A jib, left, compared to a roughly 110% genoa, right. The foretriangle is outlined in red.

The term jib is the generic term for any of an assortment of headsails. The term genoa (or genny) refers to a type of jib that is larger than 100% of the foretriangle, which is the triangular area formed by the point at which the stay intersects the mast, and deck or bowsprit, and the line where the mast intersects deck at the rail. Colloquially the term is sometimes used interchangeably with jib. A working jib is no larger than 100% of the foretriangle. A genoa is larger, with the leech going past the mast and overlapping the mainsail. To maximize sail area, the foot of the sail is generally parallel and very close to the deck when close hauled.

Genoas are categorized by a percentage representing their area relative to 100% of the foretriangle. Sail racing classes often specify a limit to genoa size. Genoas are classified by their size; a modern number 1 genoa would typically be approximately 155%, but historically number 1 genoas have been as large as 180%. Number 2 genoas are generally in the range of 125–140%. Working jibs are also defined by the same measure, typically 100% or less of the foretriangle. Under Performance Handicap Racing Fleet rules, most boats are allowed 155% genoas without a penalty.

==Handling issues==
Maximizing the sail area can cause more difficult handling. It may be harder to tack a genoa than a jib, since the overlapping area can become fouled among the shrouds and/or mast unless carefully tended during the tack. Genoas are very popular in some racing classes, since they count only the foretriangle area when calculating foresail size; a genoa allows a significant increase in actual sail area within the calculated sail area. In boats where sail restrictions do not apply, genoas of 180% overlap can be found, although those over 150% are rare because the additional area is shadowed by the mainsail when close hauled and generates diminishing returns in terms of power per actual sail area.

==The gennaker==
The gennaker is a hybrid between a genoa and a symmetrical spinnaker. A brand name of North Sails, the gennaker started as a cruising sail based on the Code 0 spinnakers used on racing boats. Gennakers and similar code 0 variants offered by other makers are even larger than genoas (200% overlaps are not uncommon), and they have a much greater camber for generating larger amounts of lift when reaching. Flat-cut gennakers can be effective for angles as low as 60–70 degrees. Spinnakers perform much better when running because the main sail blocks the wind of gennaker above 135–150 degrees.

== History ==

The famous Swedish sailor and shipowner Sven Salén (1890–1969) first used the genoa on his 6 m R-yacht May-Be by the 1926 in Coppa del Tirreno in Genoa, hence the name. He successfully used it during the Scandinavian Gold Cup's races of 1927 in Oyster Bay (US). Sven Salén also pioneered the parachute spinnacre.

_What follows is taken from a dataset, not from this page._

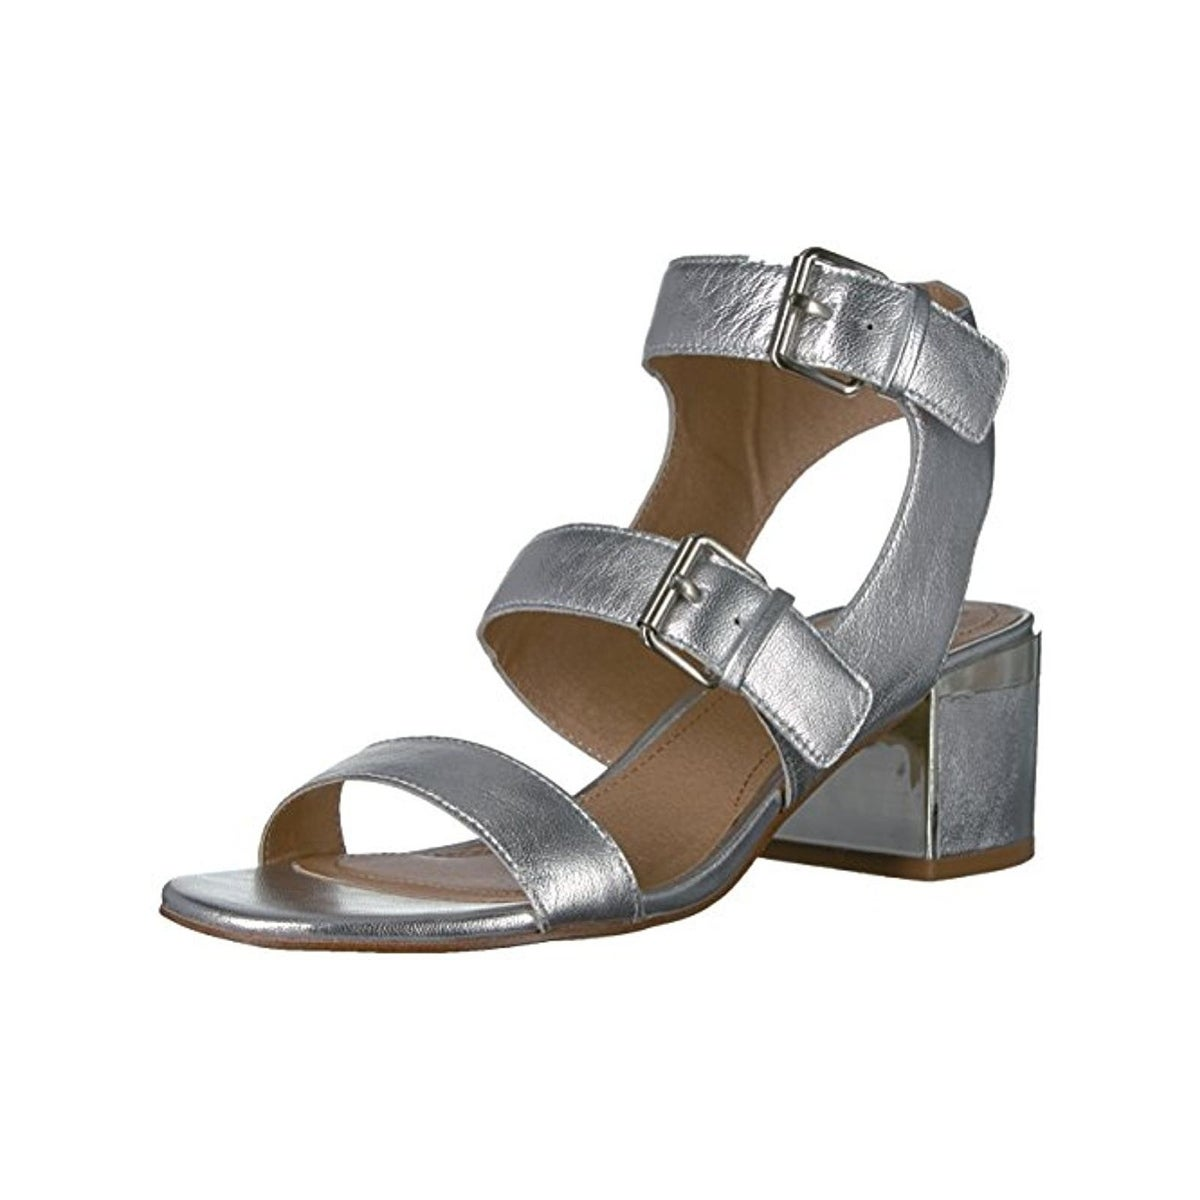 7b61d15c3ebd Tahari Women s Shoes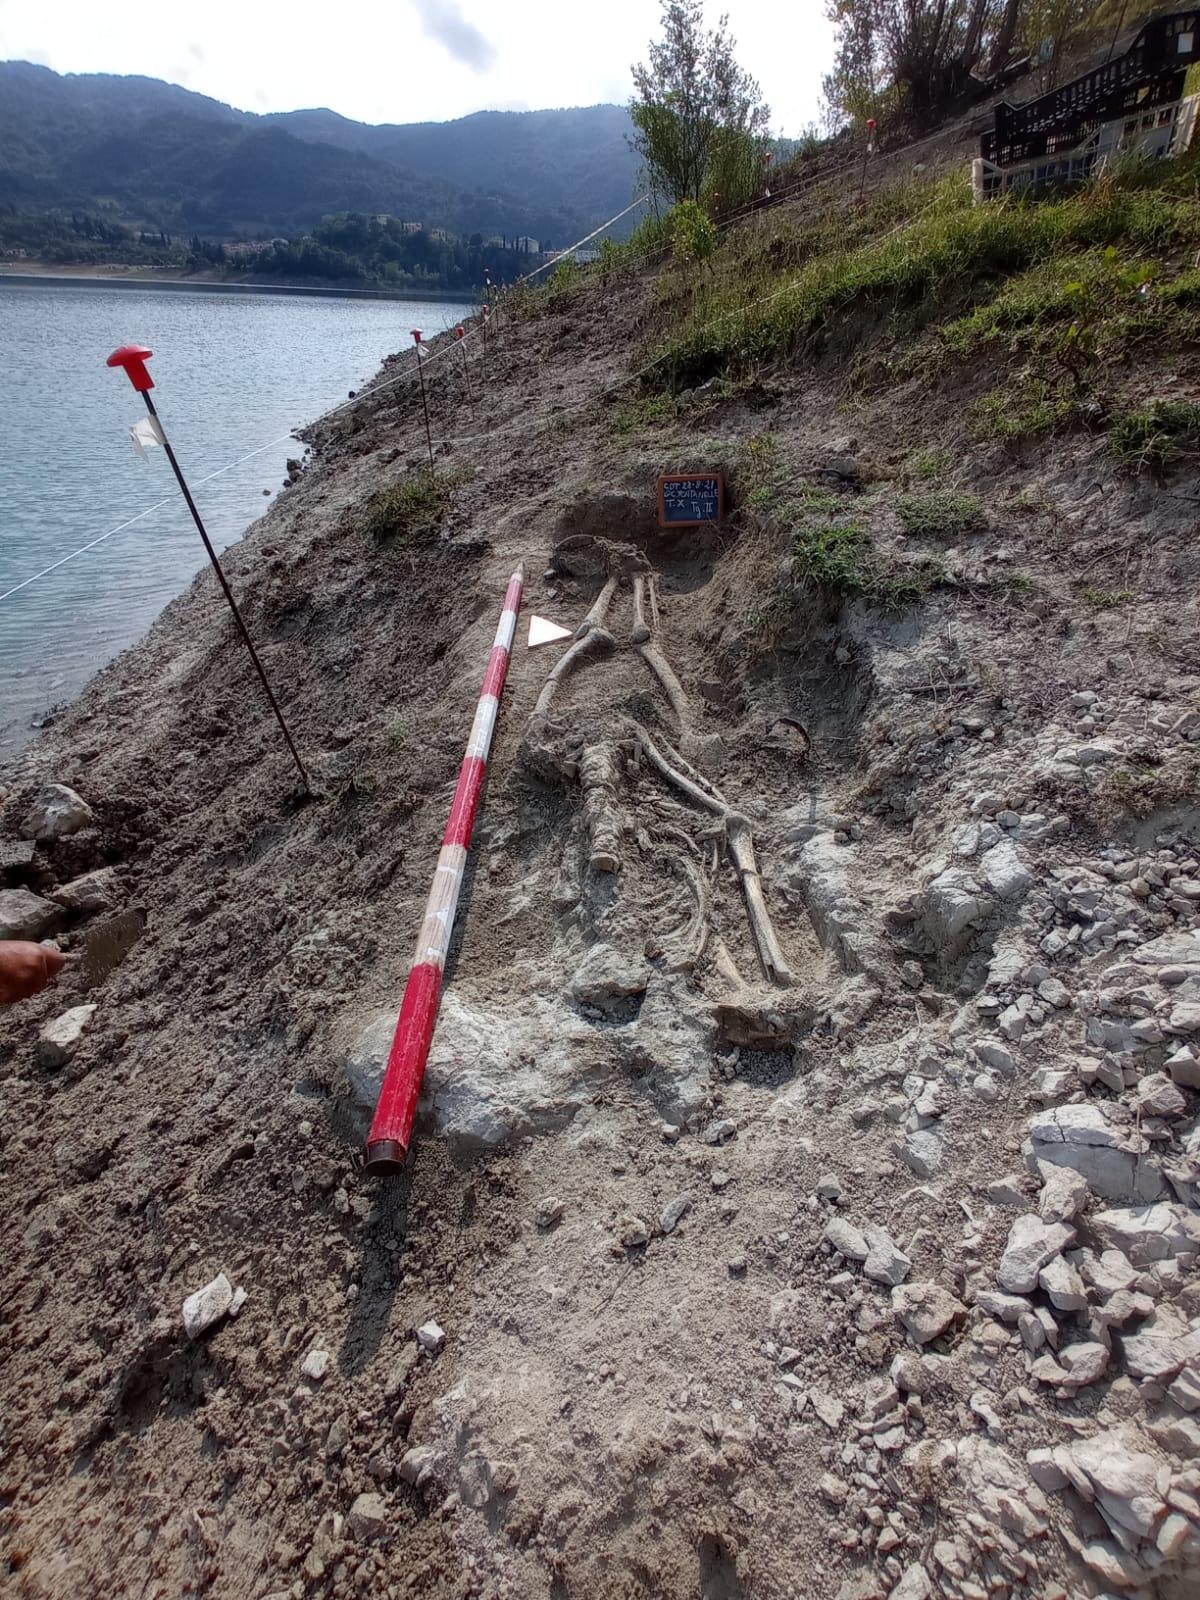 Tomba con scheletro

A similar type of jib was in use for centuries by the fishermen in the Netherlands with their Botter type ships. The fishermen relied on the combination of a large jib while fishing so the mainsail could remain unused. After fishing the fisherman's jib helped to get the fish to markets fast.

A correct explanation of the interaction between jib and mainsail was published by aerodynamicist and yachtsman Arvel Gentry in 1981, and "is much more complicated than the old theories imply". This states that the widely believed explanation of the slot effect is "completely wrong" and shows that this is not due to the venturi effect (or "valve effect" to use Curry's term) accelerating the air in the slot. Instead it is shown that the air in the slot is slowed and its pressure increased reducing the tendency of the mainsail to stall, that the mainsail reduces the air pressure on the lee side of the jib accelerating that airflow, and that the mainsail increases the angle at which the air meets the luff of the jib, allowing the boat to point higher. Gentry points out that proper understanding of sail interaction allows better sail trimming.